03

74 1 0
                                    

Mereka satu kampus!

Elsa tercengang, pantas saja dia tidak asing dengan wajah suami dadakannya itu.

Keberuntungan seoarang Elsa benar-benar hilang bahkan hampir tidak ada, ya mungkin saja tersedot oleh keberuntungan dalam memiliki suami Tampannya yang sekarang. Kalau boleh meminta, dia memilih menjadi seperti dulu aja gak papa.

Sumpah demi Alex kaga ngapa, pikiranya.

Sebagai seorang gadis dengan kehidupan biasa aja, kaga pakek jadi Tuan putri segala. Idih mimpi jadi putri kerajaan aja kaga pernah terlintas pada dirinya sejak kecil.

Tentu saja keinginan kembali itu tidak lepas dari perlakuan Daehan yang semakin menjadi. Mengetahui istrinya tidak suka dengan terkenal dan takut dengan fans fanatik dari seorang Daehan, si Pangeran kampus penuh tipu muslihat itu semakin menjadi.

"Kalau lo gak mau menjadi artis kampus mendadak, lo turutin apa kata gue!" tekan Daehan tersenyum iblis.

Walau dalam hatinya Daehan juga tidak mau bahkan tidak sudi mungkin menyebar luaskan hal itu, yang benar saja. Dirinya bahkan terang-terangan menolak! Bukan gimana-gimana, Daehan bahkan tidak kenal siapa istrinya ini.

"Serah lu dah, dari awal gue jugakan nurut sama lu."

"Bagus, mulai besok lo harus nurutin apa yang gue mau, apa yang gue butuhkan dan apa yang gue bilang, baik itu dirumah maupun di kampus!"

Elsa yang tadinya diem liatin TV langsung menatap Daehan meminta jawaban, lah bukannya lelaki itu enggak bakal nyebarin berita soal pernikahan mereka?

Kok dia harus layanin di kampus juga??

Kaga bener nih!

"Dih, lo bilang kaga bakal nyebarin berita pernikahan dadakan ini? Terus kenapa di kampus gue harus nurut juga?"

Daehan tersenyum miring membuat perasaan Elsa tidak karuan.

Bukan jatuh cinta, lebih tepatnya takut di siksa!

"Dengerin gue, kalau dihadapan MOM dan keluarga LO, kita drama jadi pasangan. Tapiiii..." Daehan menunjuk Elsa.

Elsa melihat telunjuk Daehan membuat kedua matanya terlihat jereng (juling).

"...kalau di luar kampus lo jadi Asisten gue!" tegasnya.

"Heh? Gimana? Asisten?"

Daehan mulai menikmati kembali acara menontonya.

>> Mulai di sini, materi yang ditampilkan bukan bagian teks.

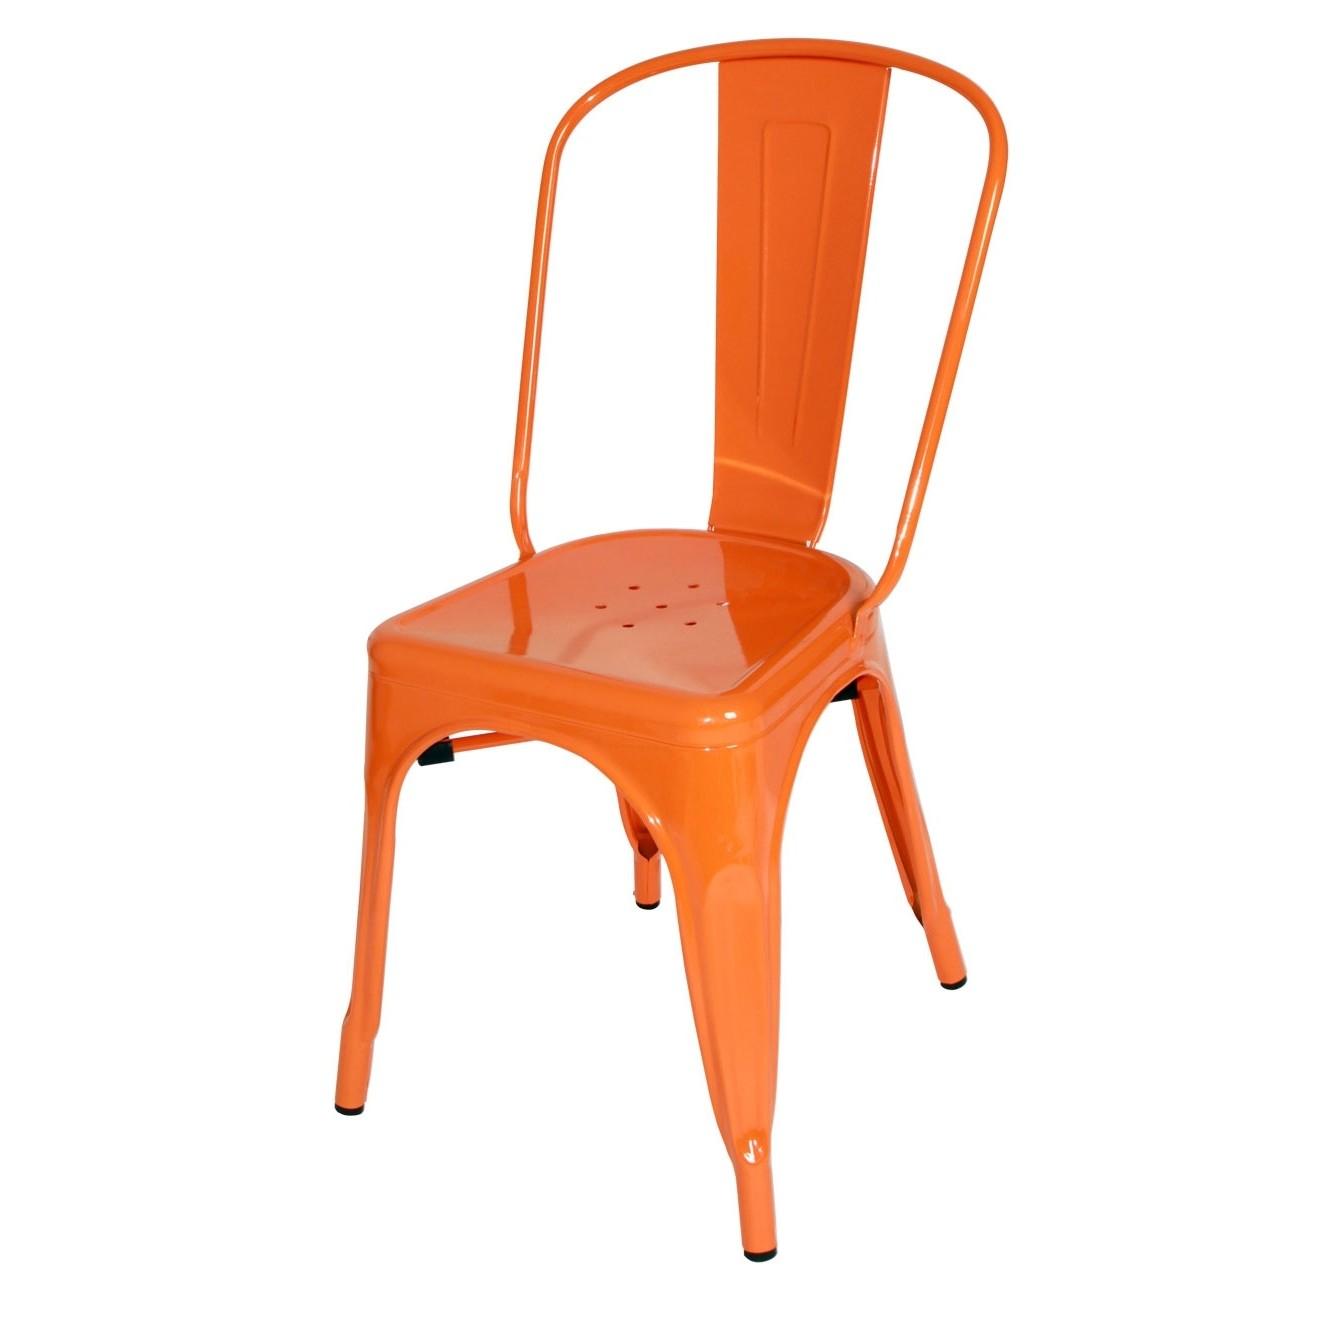 orange cafe chairs ergonomic chair levers tolix style metal industrial loft designer
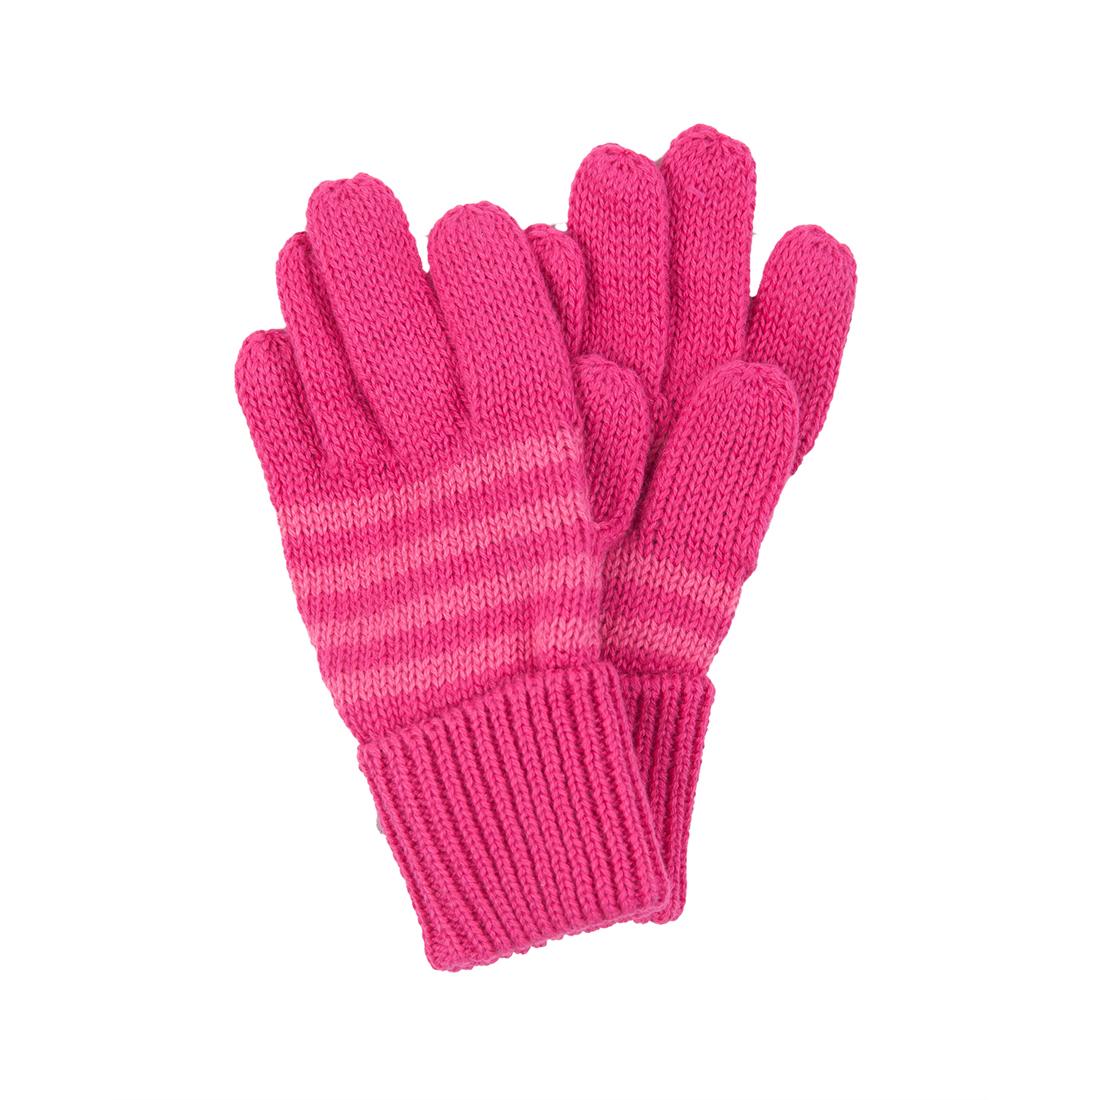 Перчатки KERRY GLEN K18096, размер 5

Merasa bosan Daehan mengganti acara saluran TV seraya menjawab, "Ya, singkatnya lo akan jadi orang yang gue suruh-suruh!"

"Hei, bilang aja gue babu lu. Sok keren banget!" Elsa mendengus kesal.

Daehan mengangkat bahunya acuh.

"Lo anjing gue, kata Babu terlalu tinggi buat lo."

Elsa menggeram menahan kesalnya, dia bahkan mencoba menghitung angka di kepalanya untuk mendinginkan amarahnya tentu saja. Daehan benar-benar cocok menjadi seseorang yang harusnya di benci, sepertinya Elsa salah jika awalnya mengira lelaki itu baik.

Memang pernah ketemu beberapa kali di kampus, tapi dia gak tau bahwa Daehan punya topeng menyeramkan seperti ini. Daehan yang dia dengar, itu punya senyum ramah dan juga sopan santun yang baik. Bukan menyeramkan dan suka memerintah seperti ini.

Sedangkan dari Daehan, lelaki itu sejak awal memang sengaja membuat Elsa menanamkan rasa kebencian padanya karena memang inilah sifat lain dirinya, sifat yang selalu dia tutupi dengan rapat. Ada sebuah alasan sifat itu harus tertutup.

Yang jelas kini dia punya hiburannya sendiri, siapalagi kalau bukan istrinya.

Atau bisa dibilang istri yang dia anggap seperti hewan peliharaan, kejam memang tapi setidaknya dia tidak memukul anak gadis orang. Daehan tau batasan, lagipula tidak ada untungnya jika marah lalu memukul bukan?